Using yet more of the Lily of the Valley printed cotton I had a yearning for a princess seamed blouse with frills. I was inspired by the Saraste blouse by Named ‘Breaking the Pattern’ book as shown by Rachel of Stitched Up on her Instagram and You Tube vlogs.
First I needed to draft a pattern using my darted bodice block. This is a fairly simple hack involving some dart manipulation and within an hour I had a new set of pattern pieces.
A forward shoulder adjustment was made. Originally I had thought of making a shawl collar but eventually decided to stick to a standard revere but with rounded collar slightly smaller than the original and a rounded edge of lapel/facing. The blouse would be sleeveless as I have yet to draft a sleeve for this bodice block. I decided to make a wearable muslin first using some pretty Pink floral cotton that I picked up last August at a Sew Southampton meet up. Just as well that the print was not a one-way design as the fabric measured just 1.5m x 114 cms so not a lot to play with!

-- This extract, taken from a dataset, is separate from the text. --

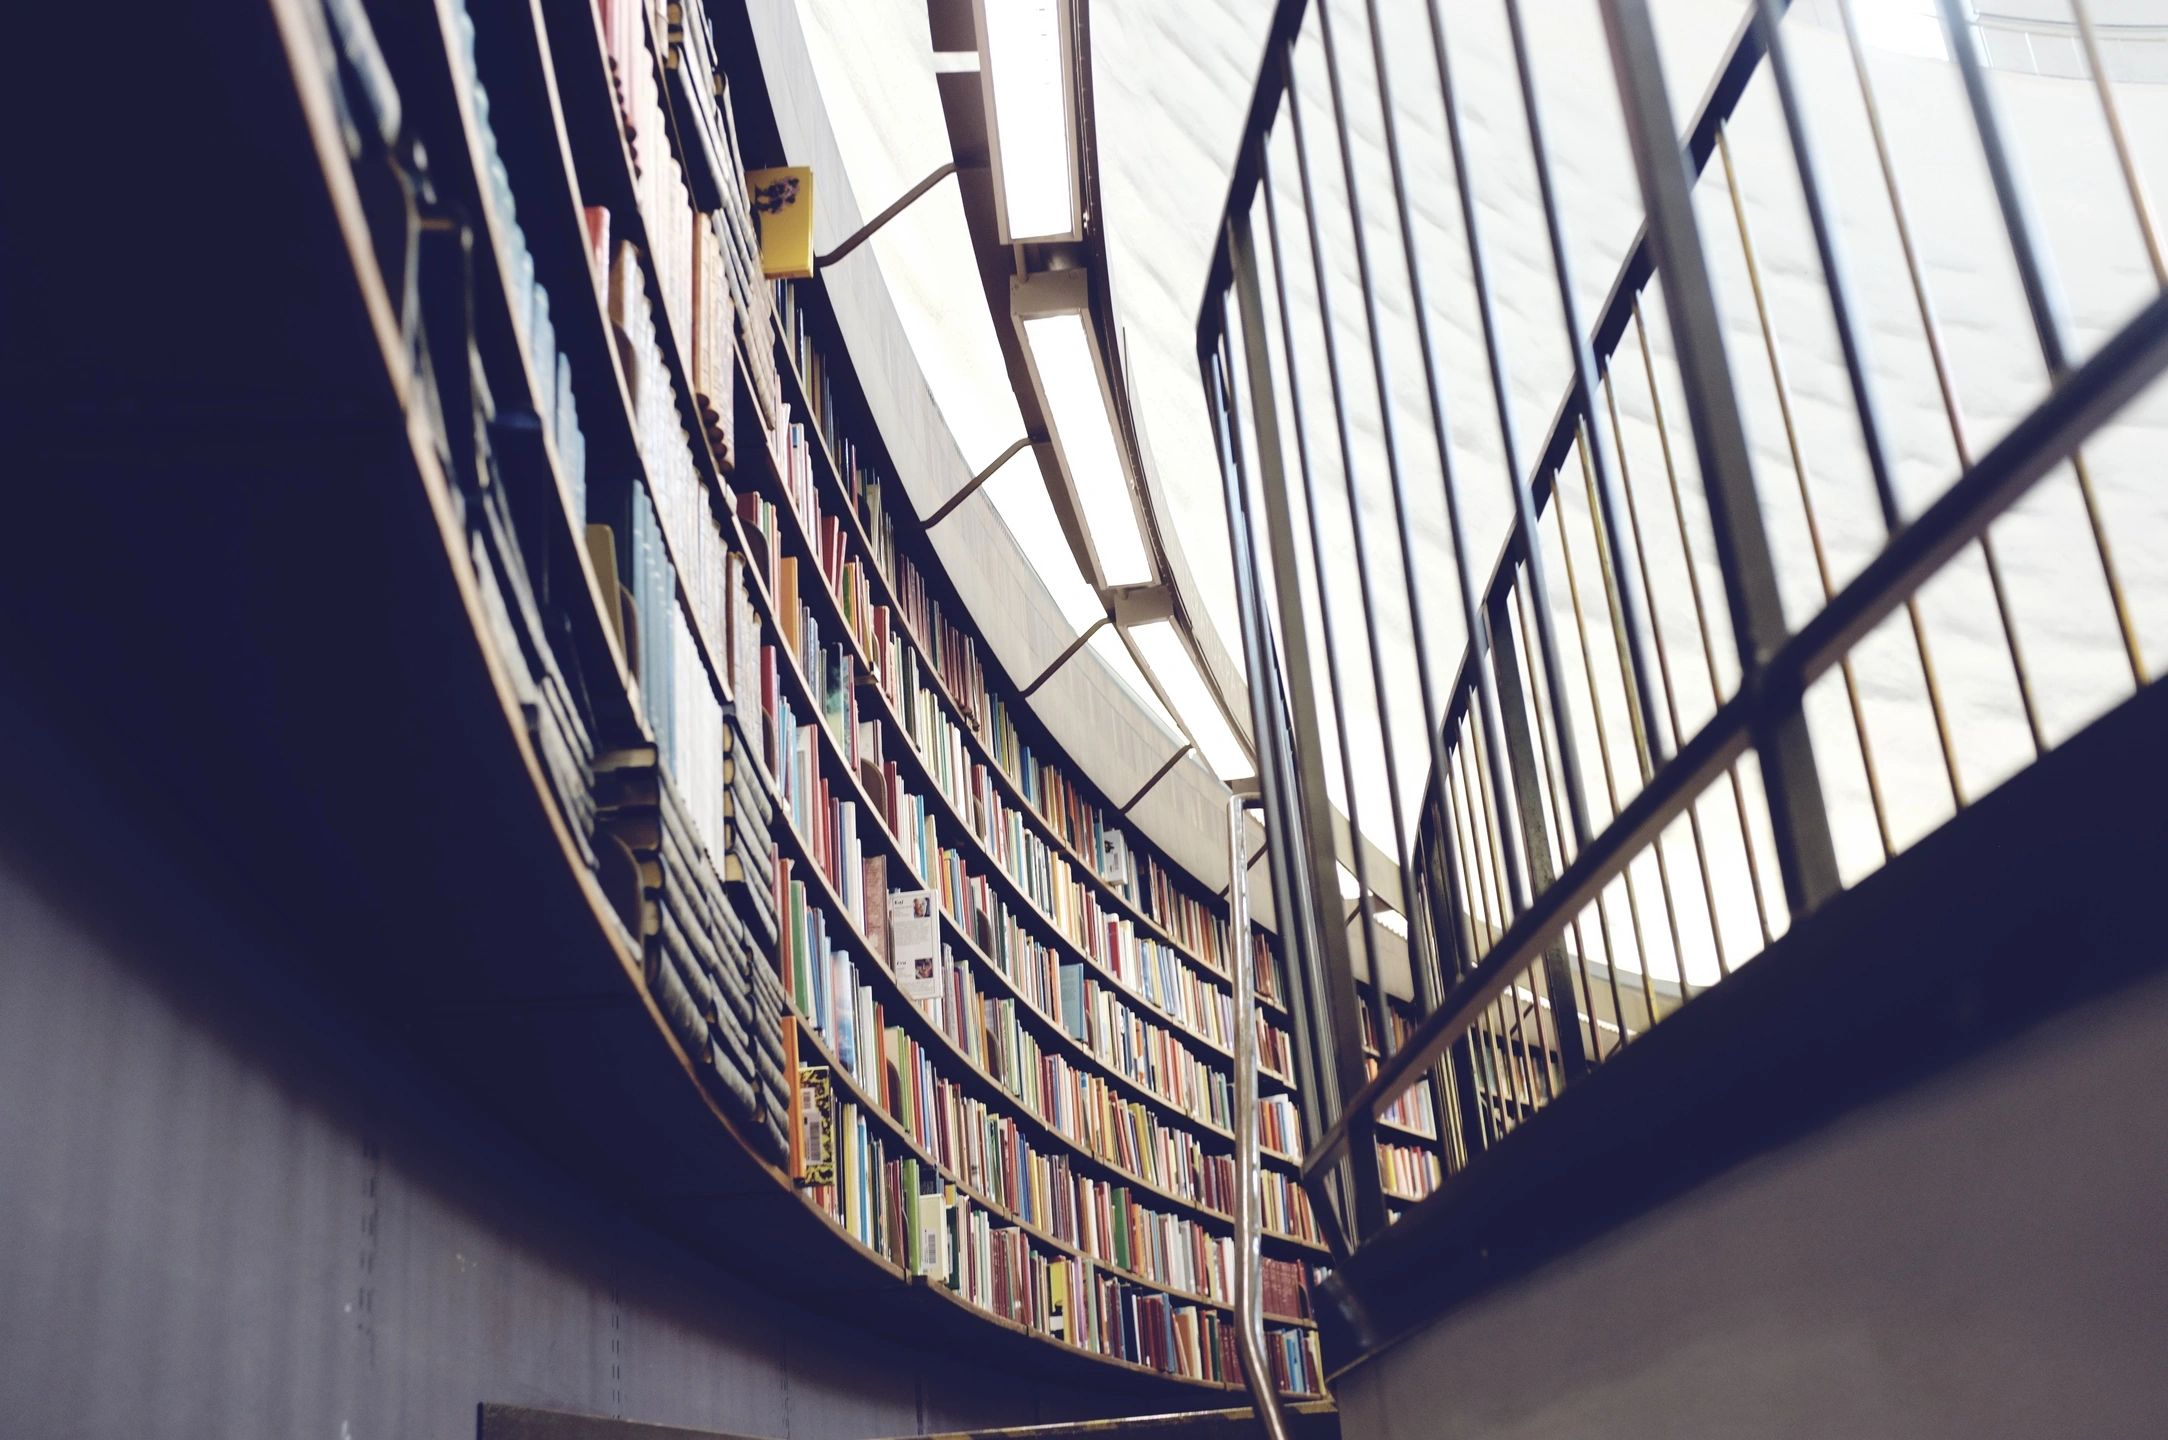 Estante com centenas de livros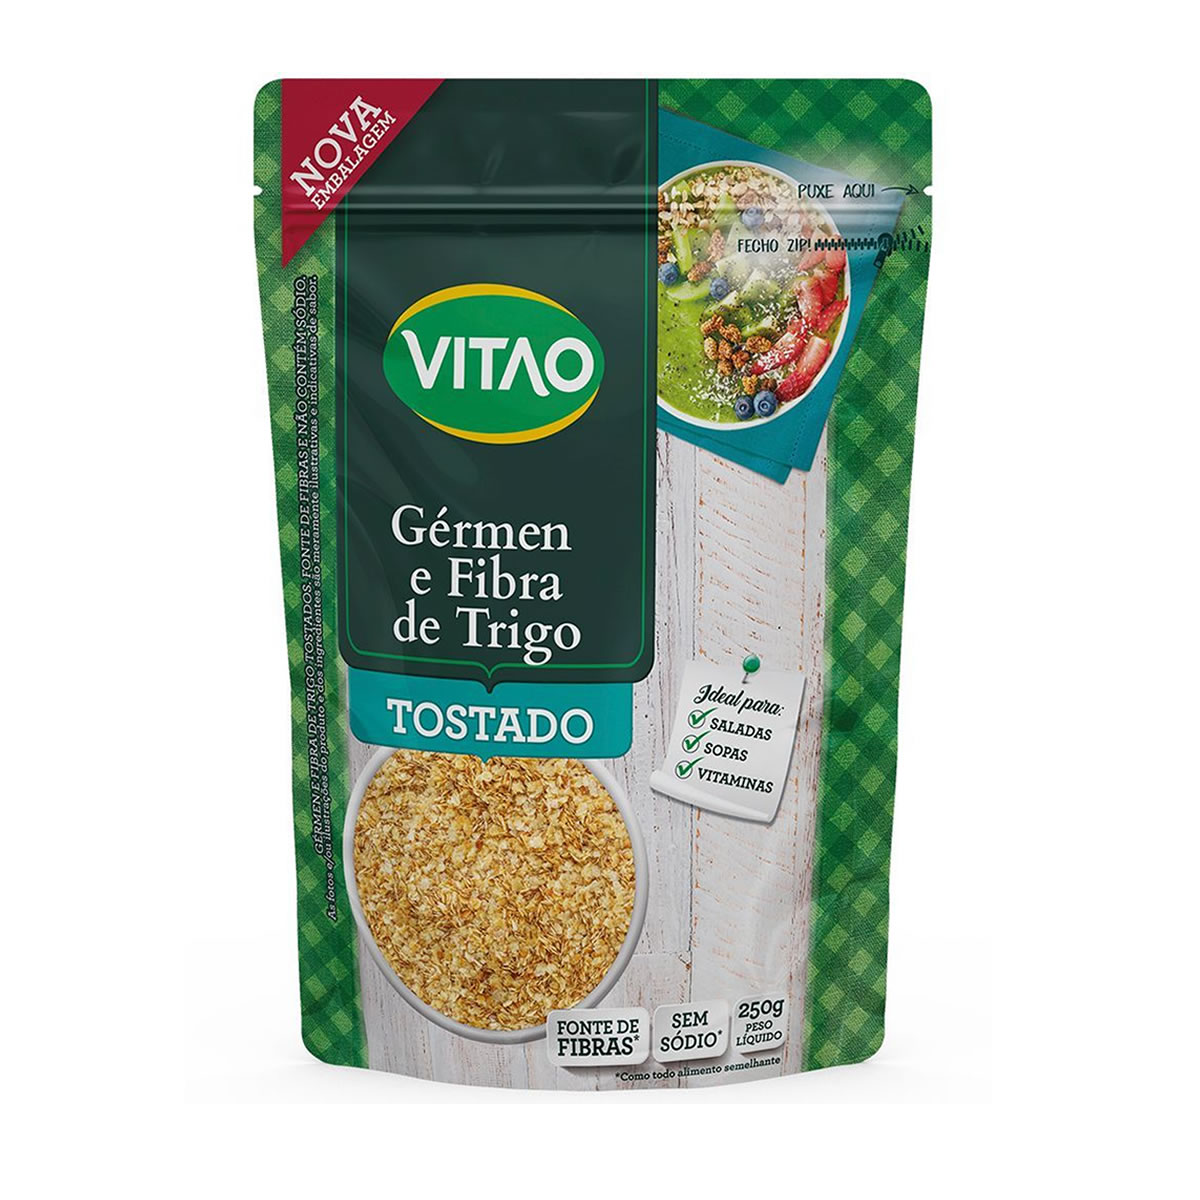 Germen e Fibra de Trigo Tostado 250g - Vitao

There were several interruptions to the construction of this blouse – visits by the plumber, gardener and general day-to-day duties such as housework, laundry and cooking!
I had drafted the pattern larger than my measurements and gradually took in the seams until I had an acceptable fit. I then amended the pattern pieces accordingly. All seams were overlocked and the Princess seams were also top-stitched to help keep the frill laying in the right direction.
I am particularly pleased with the collar. I had reduced the depth and with the rounded corners I believe that it is appropriate for this style and the print used.
The hem was overlocked and machined in place. I used 5 Raspberry-coloured spotty buttons from my stash (bought in bulk from eBay) and the buttonholes stitched like a dream.
The armholes were finished with some viscose voile binding folded double and machined in place on the inside.
It took a whole week to finish the construction but I know that next time it should take only an afternoon to make this style of blouse.
Whilst I am very pleased with the final garment, there are a few changes that I will make for the next iteration; reduce the width of the frill and make in fabric folded double to remove the need to have a hem on the edge of the frill, extend the frill insertion to waist level at the front, extend the length of the blouse by at least 2 inches and shape with a curve front and back.
So that is the wearable toile completed. Next I should be making the blouse in the Lily of the Valley printed cotton. However, I have a backlog of beautiful viscose fabrics – the next project will be Montana #5!